The talk will feature a set of practical guidelines for microscopists and materials scientists, offering insights into selecting and applying ML tools effectively, even for those without extensive ML expertise, as parallelly done in other scientific disciplines. Finally, I will go through recent examples of a successful application of ML, deep learning, computer vision or generally AI to analyse high resolution (scanning) transmission electron microscopy data and unveil new physics from materials, with special emphasis on quantum materials. [2]

References:

[1] Nanoscale Horiz., 2022, 7, 1427-1477

[2] Botifoll, M et al. Submitted/In arXiv soon!

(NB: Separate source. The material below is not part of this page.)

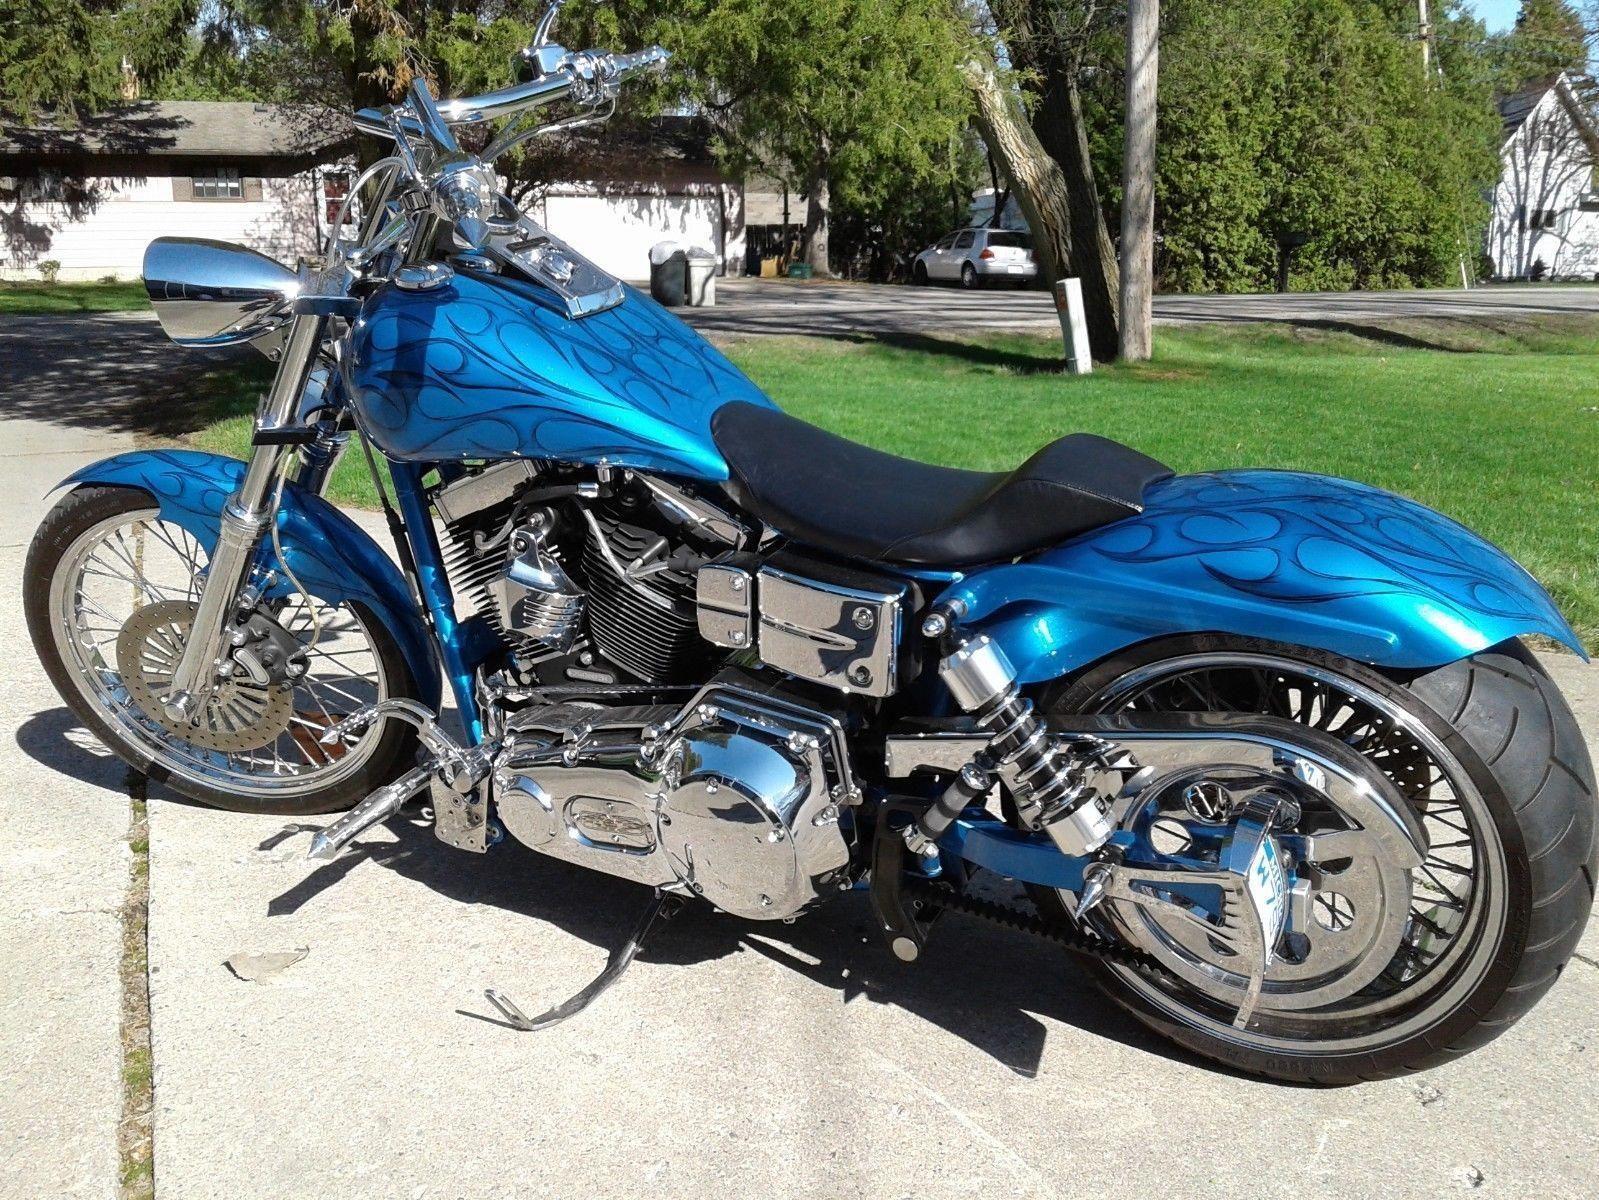 eBay: 2004 Harley-Davidson Dyna Harley Davidson Dyna-Wide

Amitrajit Mukherjee - Title TBC

Inhomogeneous and disordered atomic arrangement, and machinery/thermal drifts, often vary (micro)spectroscopy signals of sub-micron materials, albeit the (bulk) composition and experimental parameters are identical. Such diversity can be harnessed to measure material’s purity, unveiling several concealed features via statistical inspection of heterogeneous signals. However, this approach requires efficient categorization of a substantial number of data, which is currently encumbered by laborious calculations, computational hurdles, and manual intervention. We present a robust unsupervised machine learning module that automatically clusters real-time high-dimensional microscopy signals and perform class-wise power spectral density calculation. This workflow is explicitly tested for wide-field fluorescence image analysis of semiconductor nanocrystal thin-films, while also proves beneficial for scanning tunnelling spectroscopy of electron donor-acceptor (2D) self-assemblies. We additionally demonstrate the impact of data-preprocessing on the clustering efficiency. As a programmed interface, our methodology would enable fast big-data-analytics for contemporary (micro)spectroscopes to achieve instant material characterization, spanning diverse spectrum of interests.

Alexandra Day -

Traditionally, materials discovery has been driven more by evidence and intuition than by systematic design. However, the advent of “big data” and an exponential increase in computational power have reshaped the landscape. Today, we use simulations, artificial intelligence (AI), and machine learning (ML) to predict materials characteristics, which dramatically accelerates the discovery of novel materials. For instance, combinatorial megalibraries, where millions of distinct nanoparticles are created on a single chip, have spurred the need for automated characterization tools. This talk will present an ML model specifically developed to perform real-time binary classification of grayscale high-angle annular dark-field images of nanoparticles sourced from these megalibraries. We elaborate on the computational challenges and our solutions, including managing memory constraints, optimizing training time, and utilizing Neural Architecture Search tools. The final model outperformed our expectations, achieving over 95% precision and a weighted F-score of more than 90% on our test data set.